**Prompt:**
Leaving out all pictures, copy the lines below exactly, from the line with "Divano vintage british" to the last line, both ends included.

[[ Given data, beginning ]]

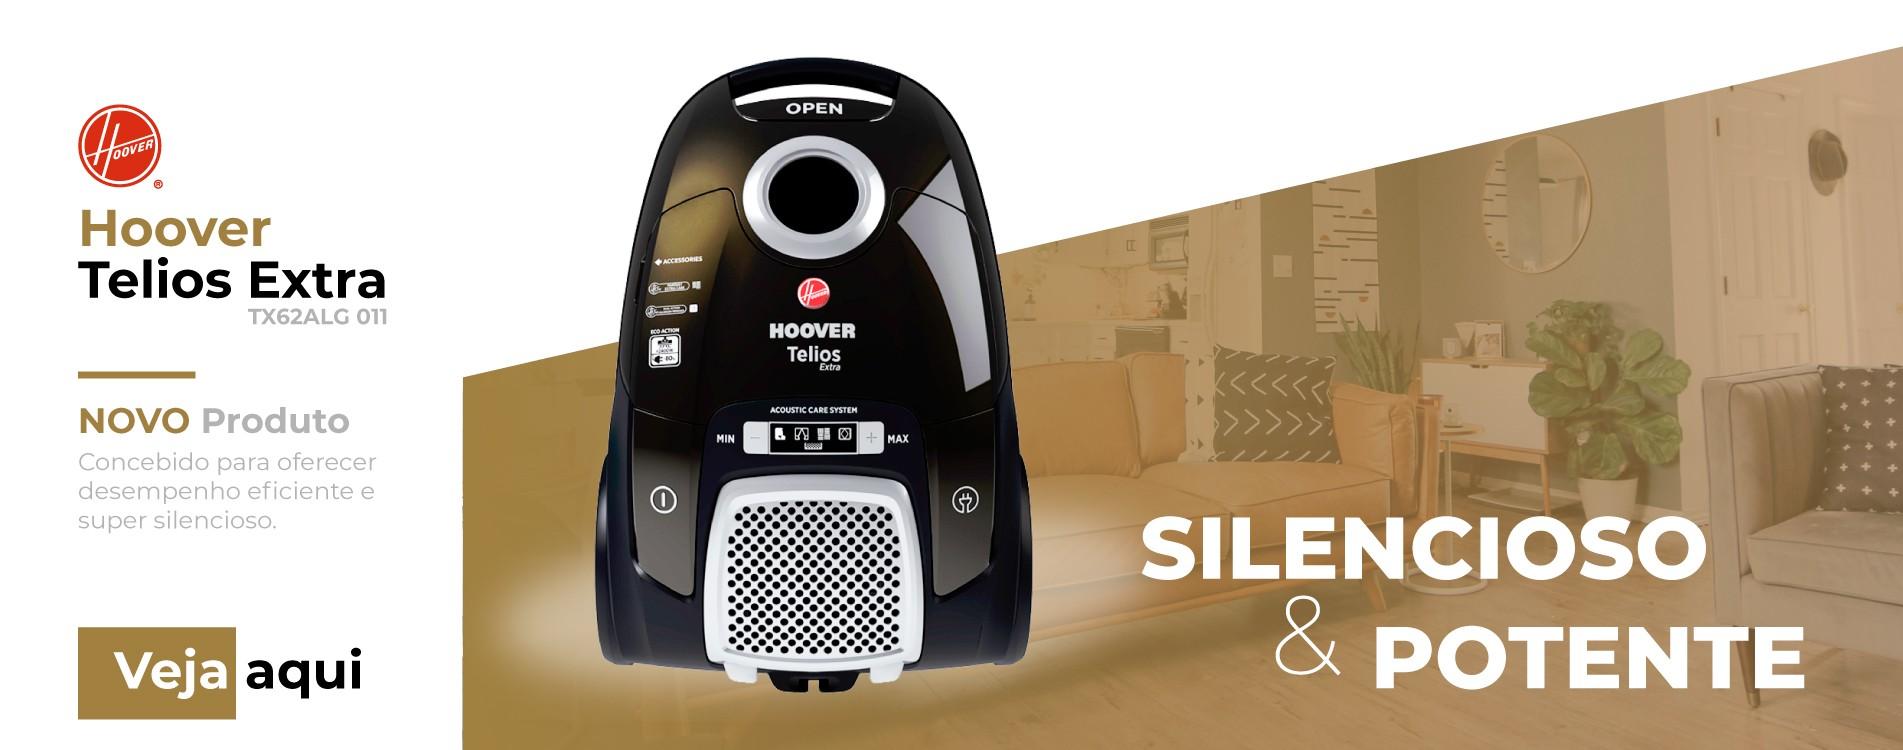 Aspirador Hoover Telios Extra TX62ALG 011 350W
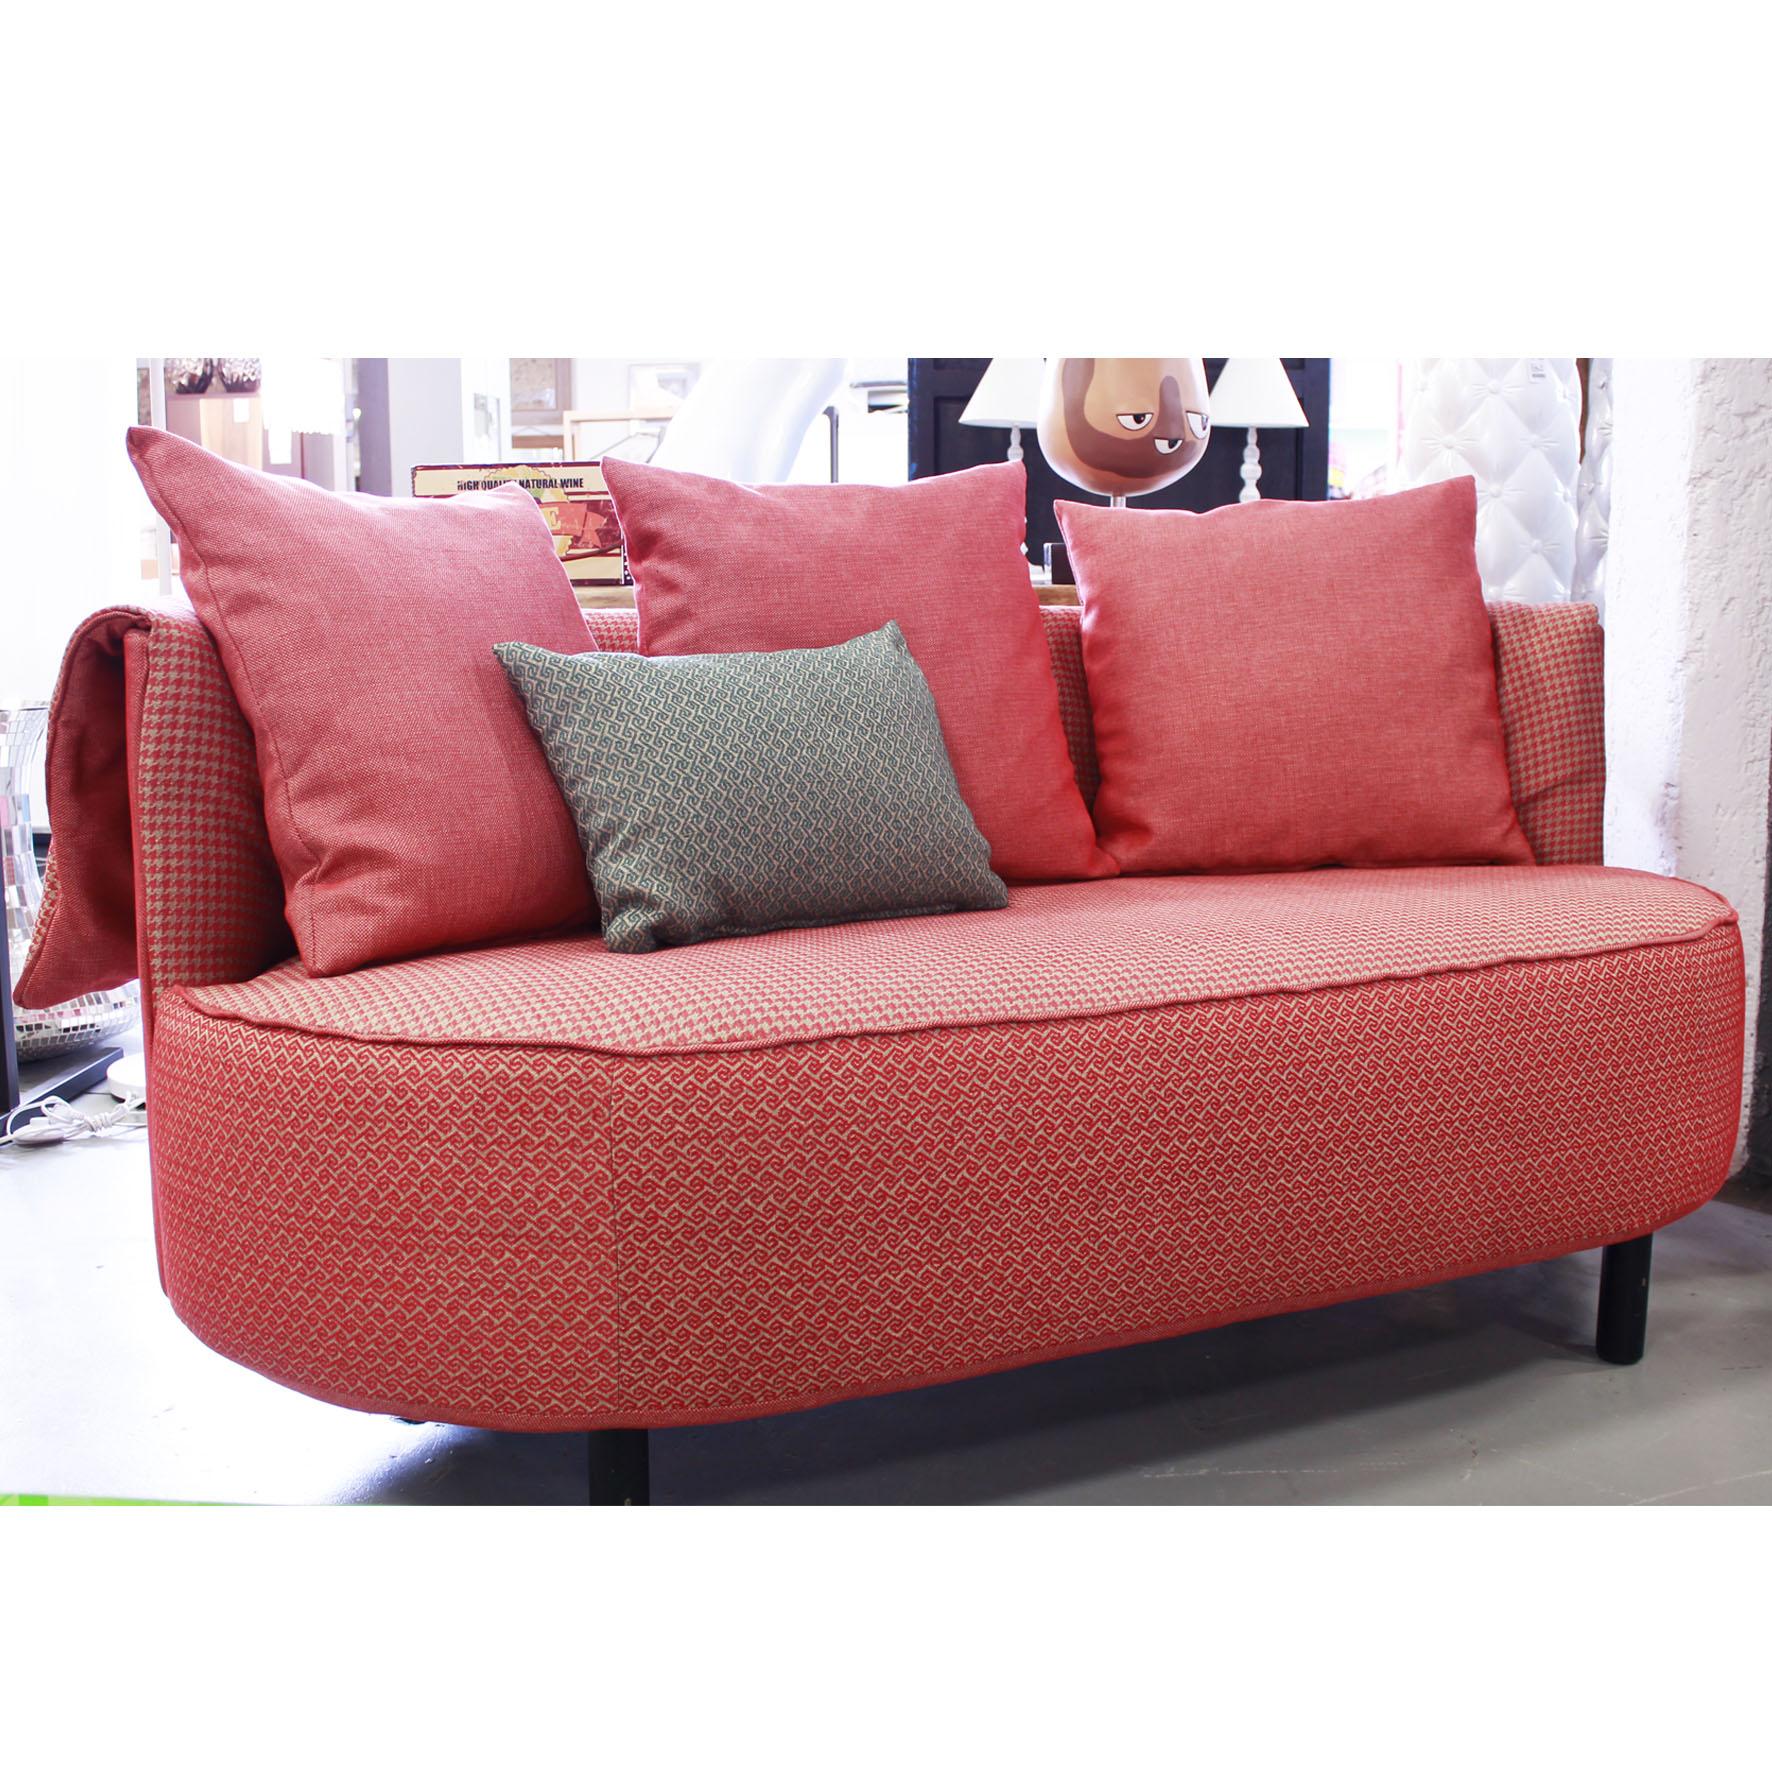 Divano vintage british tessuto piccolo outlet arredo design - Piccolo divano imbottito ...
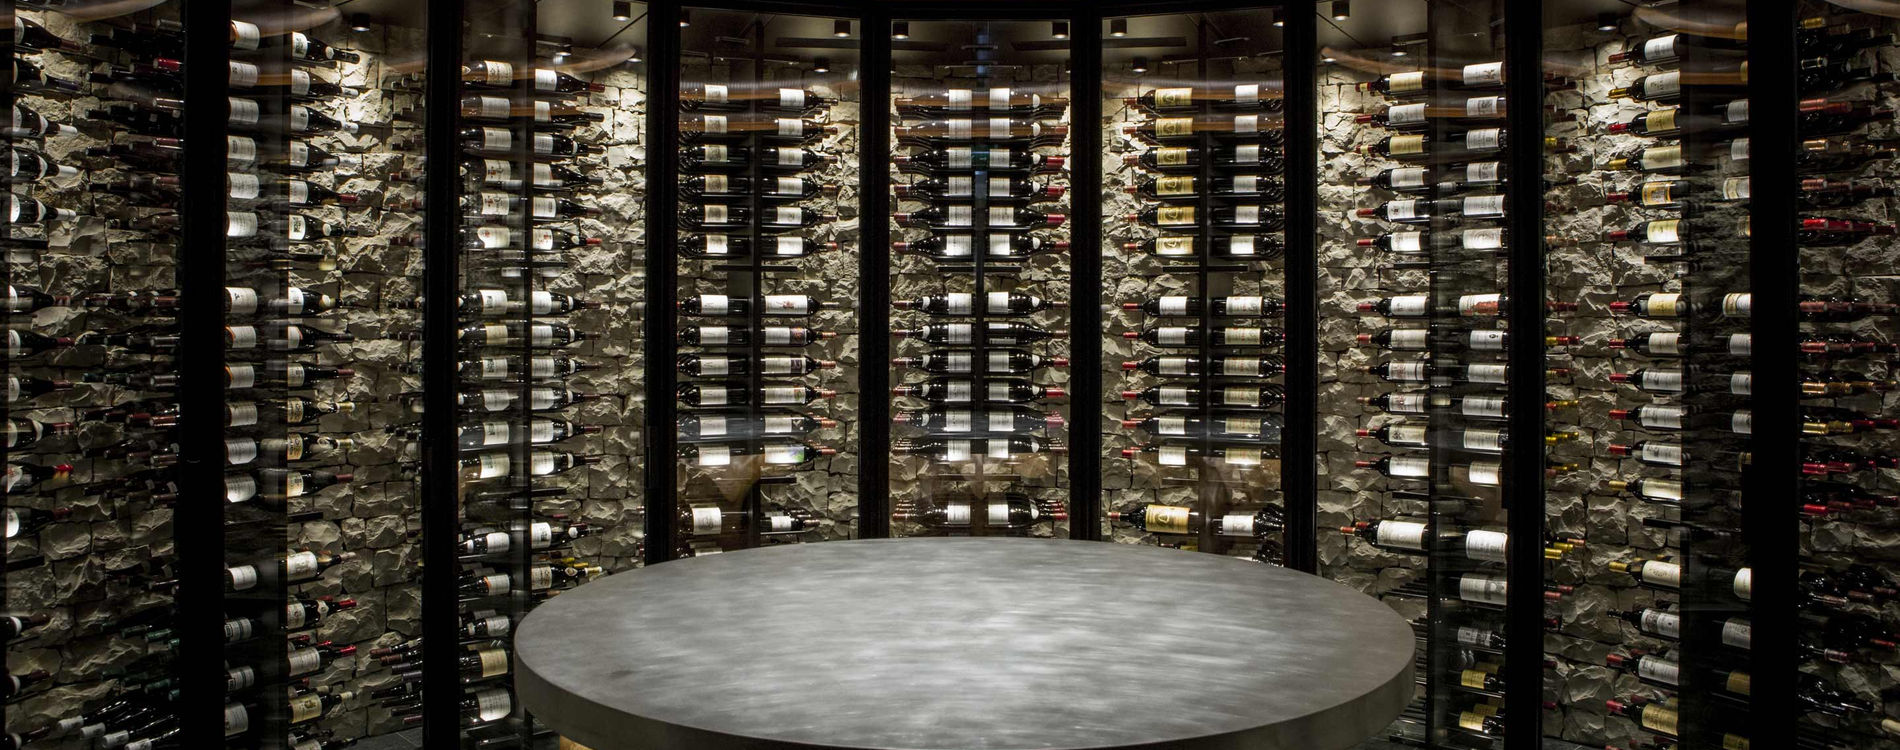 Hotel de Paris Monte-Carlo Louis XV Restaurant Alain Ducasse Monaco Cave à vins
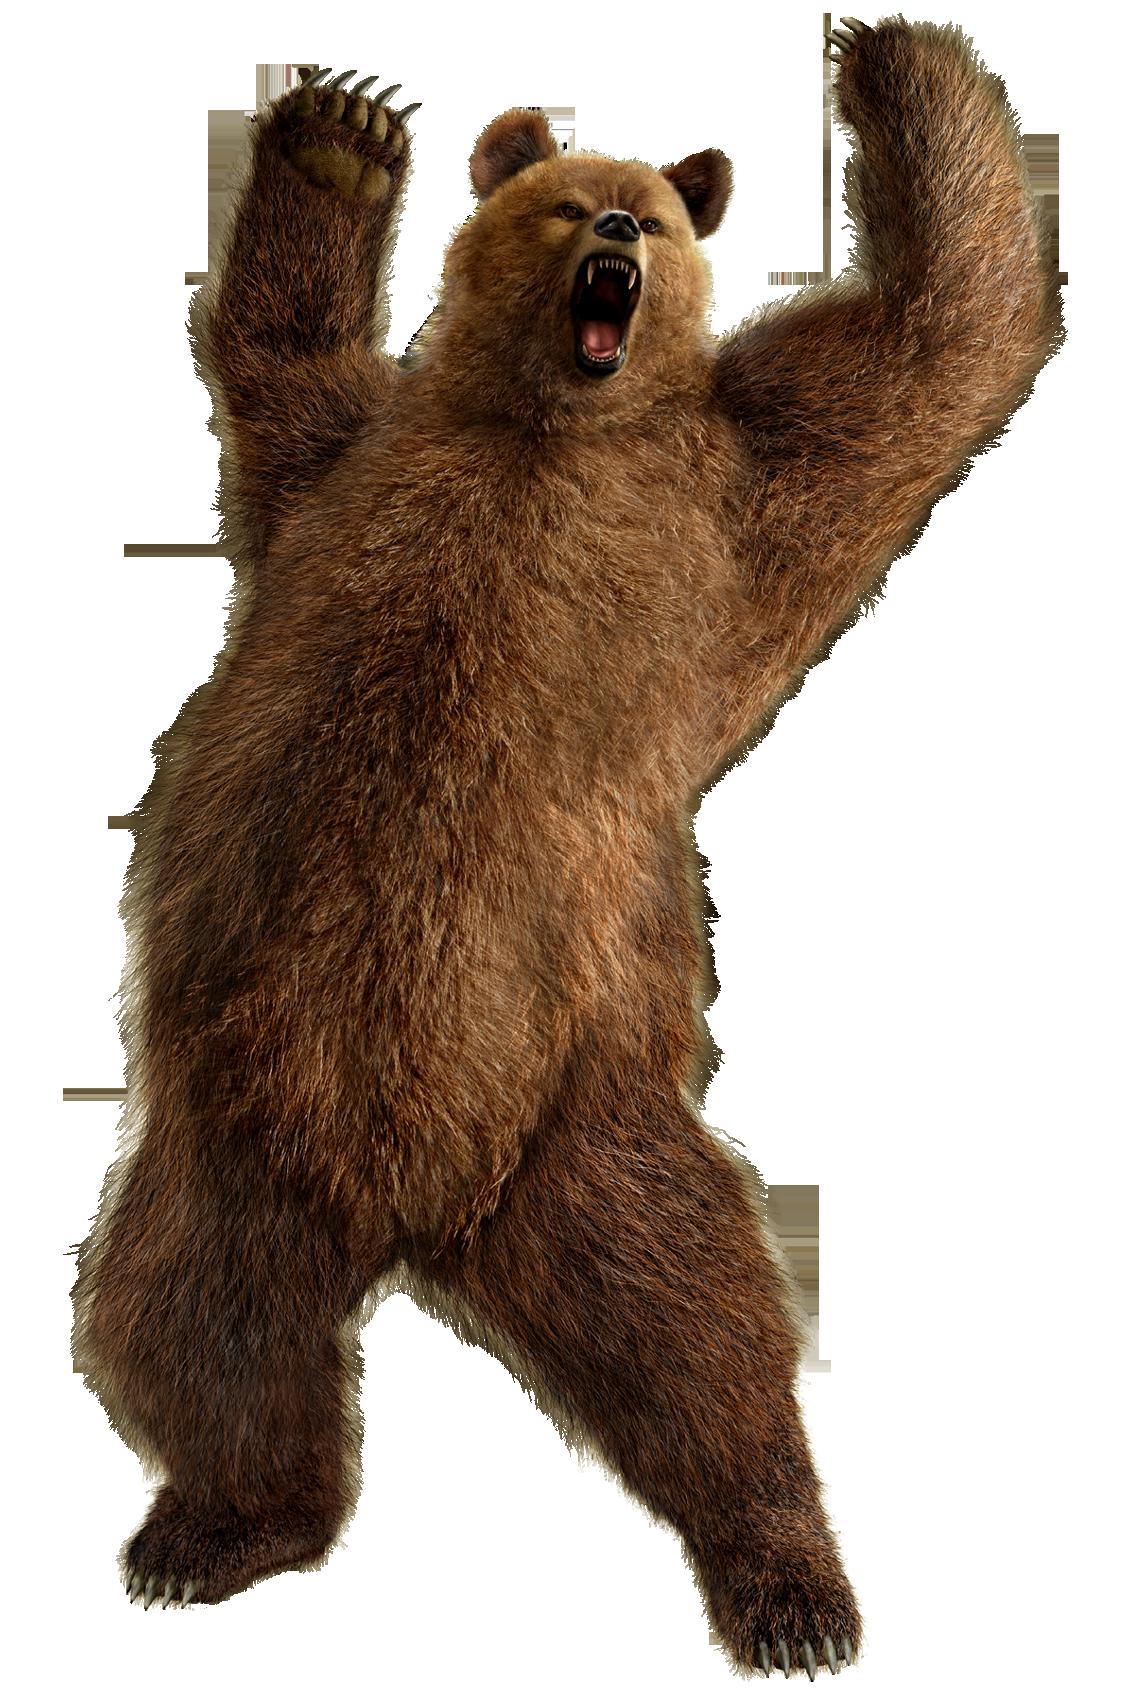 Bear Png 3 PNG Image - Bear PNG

[[ Given data, end ]]

**Solved problem:**
 Divano vintage british tessuto piccolo outlet arredo design - Piccolo divano imbottito ...
 Hotel de Paris Monte-Carlo Louis XV Restaurant Alain Ducasse Monaco Cave à vins
 Bear Png 3 PNG Image - Bear PNG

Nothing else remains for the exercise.